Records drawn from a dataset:
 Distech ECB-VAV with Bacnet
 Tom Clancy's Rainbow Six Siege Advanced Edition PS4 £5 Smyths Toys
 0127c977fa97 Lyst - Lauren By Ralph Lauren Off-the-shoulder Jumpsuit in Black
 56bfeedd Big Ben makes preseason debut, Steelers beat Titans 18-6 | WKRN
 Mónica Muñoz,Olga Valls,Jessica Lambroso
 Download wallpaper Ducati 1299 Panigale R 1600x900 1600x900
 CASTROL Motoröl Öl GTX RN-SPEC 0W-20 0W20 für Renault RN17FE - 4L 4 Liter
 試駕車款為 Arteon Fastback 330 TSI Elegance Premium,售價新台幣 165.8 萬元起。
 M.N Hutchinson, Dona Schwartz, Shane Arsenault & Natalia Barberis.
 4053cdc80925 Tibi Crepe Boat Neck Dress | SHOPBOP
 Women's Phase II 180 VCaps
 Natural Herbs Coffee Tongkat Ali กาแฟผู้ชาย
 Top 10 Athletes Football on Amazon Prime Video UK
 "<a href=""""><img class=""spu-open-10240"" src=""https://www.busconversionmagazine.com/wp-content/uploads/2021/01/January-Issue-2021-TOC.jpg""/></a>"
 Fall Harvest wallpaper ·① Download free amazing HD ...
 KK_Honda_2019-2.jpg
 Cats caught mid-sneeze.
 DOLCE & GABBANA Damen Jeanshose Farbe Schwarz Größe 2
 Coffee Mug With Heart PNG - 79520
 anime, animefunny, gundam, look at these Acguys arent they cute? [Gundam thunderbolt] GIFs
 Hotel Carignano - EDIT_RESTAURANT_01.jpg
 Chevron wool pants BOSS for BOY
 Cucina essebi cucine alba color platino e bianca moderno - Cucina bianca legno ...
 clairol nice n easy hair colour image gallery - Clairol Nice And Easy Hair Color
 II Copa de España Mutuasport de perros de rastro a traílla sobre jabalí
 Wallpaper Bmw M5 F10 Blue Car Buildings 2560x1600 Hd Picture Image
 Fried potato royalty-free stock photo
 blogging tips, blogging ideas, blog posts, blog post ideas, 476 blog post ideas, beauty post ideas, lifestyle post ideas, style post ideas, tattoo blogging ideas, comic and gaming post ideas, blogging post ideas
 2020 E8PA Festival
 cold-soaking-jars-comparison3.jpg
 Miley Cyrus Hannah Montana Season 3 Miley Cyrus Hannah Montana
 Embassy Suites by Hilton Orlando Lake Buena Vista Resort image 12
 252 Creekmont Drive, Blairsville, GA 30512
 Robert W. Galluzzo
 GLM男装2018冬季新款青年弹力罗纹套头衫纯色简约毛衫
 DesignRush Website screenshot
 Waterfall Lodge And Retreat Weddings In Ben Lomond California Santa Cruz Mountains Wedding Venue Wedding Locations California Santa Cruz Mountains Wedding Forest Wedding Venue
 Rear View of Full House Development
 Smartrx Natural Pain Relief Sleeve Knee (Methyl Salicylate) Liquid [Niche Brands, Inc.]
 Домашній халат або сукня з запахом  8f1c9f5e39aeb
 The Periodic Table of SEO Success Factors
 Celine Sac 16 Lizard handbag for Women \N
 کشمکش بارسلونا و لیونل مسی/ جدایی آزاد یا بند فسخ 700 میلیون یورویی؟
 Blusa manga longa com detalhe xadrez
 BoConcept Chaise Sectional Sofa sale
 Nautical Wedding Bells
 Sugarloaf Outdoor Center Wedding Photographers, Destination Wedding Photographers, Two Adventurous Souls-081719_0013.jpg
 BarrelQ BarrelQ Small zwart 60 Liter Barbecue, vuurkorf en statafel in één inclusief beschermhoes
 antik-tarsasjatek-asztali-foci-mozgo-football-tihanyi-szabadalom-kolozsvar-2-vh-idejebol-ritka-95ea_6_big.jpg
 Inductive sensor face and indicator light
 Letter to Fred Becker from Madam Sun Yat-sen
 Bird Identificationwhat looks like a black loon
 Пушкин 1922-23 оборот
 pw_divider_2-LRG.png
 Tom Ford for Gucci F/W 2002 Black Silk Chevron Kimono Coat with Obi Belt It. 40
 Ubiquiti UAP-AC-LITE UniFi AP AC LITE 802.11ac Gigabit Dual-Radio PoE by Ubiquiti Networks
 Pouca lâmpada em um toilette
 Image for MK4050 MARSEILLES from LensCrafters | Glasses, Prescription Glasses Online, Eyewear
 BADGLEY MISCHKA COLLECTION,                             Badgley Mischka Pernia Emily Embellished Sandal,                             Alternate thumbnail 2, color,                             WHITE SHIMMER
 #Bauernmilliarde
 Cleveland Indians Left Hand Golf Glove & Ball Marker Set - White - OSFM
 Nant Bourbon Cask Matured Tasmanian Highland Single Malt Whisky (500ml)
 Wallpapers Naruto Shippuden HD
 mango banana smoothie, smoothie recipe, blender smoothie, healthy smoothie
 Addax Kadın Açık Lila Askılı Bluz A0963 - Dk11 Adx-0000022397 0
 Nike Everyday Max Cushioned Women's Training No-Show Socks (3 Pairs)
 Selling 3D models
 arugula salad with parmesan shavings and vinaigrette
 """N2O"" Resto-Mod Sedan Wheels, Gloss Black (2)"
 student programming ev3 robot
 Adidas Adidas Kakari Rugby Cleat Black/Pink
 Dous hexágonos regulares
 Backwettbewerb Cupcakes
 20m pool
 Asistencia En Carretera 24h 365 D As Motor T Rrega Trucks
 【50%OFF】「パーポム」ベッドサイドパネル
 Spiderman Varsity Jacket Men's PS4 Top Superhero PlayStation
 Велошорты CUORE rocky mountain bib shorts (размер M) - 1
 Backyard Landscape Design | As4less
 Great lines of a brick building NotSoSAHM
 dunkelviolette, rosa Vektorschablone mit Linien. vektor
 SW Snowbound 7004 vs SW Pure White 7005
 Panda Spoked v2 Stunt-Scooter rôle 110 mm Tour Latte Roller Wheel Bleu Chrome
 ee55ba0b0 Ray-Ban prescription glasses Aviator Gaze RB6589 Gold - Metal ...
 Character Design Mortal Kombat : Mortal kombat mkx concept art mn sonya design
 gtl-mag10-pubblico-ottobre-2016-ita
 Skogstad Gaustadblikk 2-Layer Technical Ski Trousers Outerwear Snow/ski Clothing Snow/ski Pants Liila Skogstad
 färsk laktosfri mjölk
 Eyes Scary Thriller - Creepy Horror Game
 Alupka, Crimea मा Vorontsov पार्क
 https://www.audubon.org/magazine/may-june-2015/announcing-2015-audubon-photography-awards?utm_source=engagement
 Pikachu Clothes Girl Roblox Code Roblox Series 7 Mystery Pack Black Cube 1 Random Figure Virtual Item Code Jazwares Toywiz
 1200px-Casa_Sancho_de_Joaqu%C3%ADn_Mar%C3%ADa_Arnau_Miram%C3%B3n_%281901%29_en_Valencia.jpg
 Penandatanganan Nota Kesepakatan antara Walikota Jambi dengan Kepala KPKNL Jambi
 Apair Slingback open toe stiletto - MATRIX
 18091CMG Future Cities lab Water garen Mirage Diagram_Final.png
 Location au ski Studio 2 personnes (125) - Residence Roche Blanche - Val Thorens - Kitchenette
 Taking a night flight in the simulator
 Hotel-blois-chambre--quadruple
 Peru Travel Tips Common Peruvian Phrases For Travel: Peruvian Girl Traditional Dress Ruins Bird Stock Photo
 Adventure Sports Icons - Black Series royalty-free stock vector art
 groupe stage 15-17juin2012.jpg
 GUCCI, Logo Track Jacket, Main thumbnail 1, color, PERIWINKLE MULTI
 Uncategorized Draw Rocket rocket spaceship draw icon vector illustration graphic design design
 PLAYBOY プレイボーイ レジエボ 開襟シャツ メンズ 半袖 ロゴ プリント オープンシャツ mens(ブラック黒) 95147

Task prompt.
From the records above, extract exactly and only the lines that begin at the line with "Nautical Wedding Bells" and stop after the line with "Letter to Fred Becker from Madam Sun Yat-sen".

Response for this exercise.
 Nautical Wedding Bells
 Sugarloaf Outdoor Center Wedding Photographers, Destination Wedding Photographers, Two Adventurous Souls-081719_0013.jpg
 BarrelQ BarrelQ Small zwart 60 Liter Barbecue, vuurkorf en statafel in één inclusief beschermhoes
 antik-tarsasjatek-asztali-foci-mozgo-football-tihanyi-szabadalom-kolozsvar-2-vh-idejebol-ritka-95ea_6_big.jpg
 Inductive sensor face and indicator light
 Letter to Fred Becker from Madam Sun Yat-sen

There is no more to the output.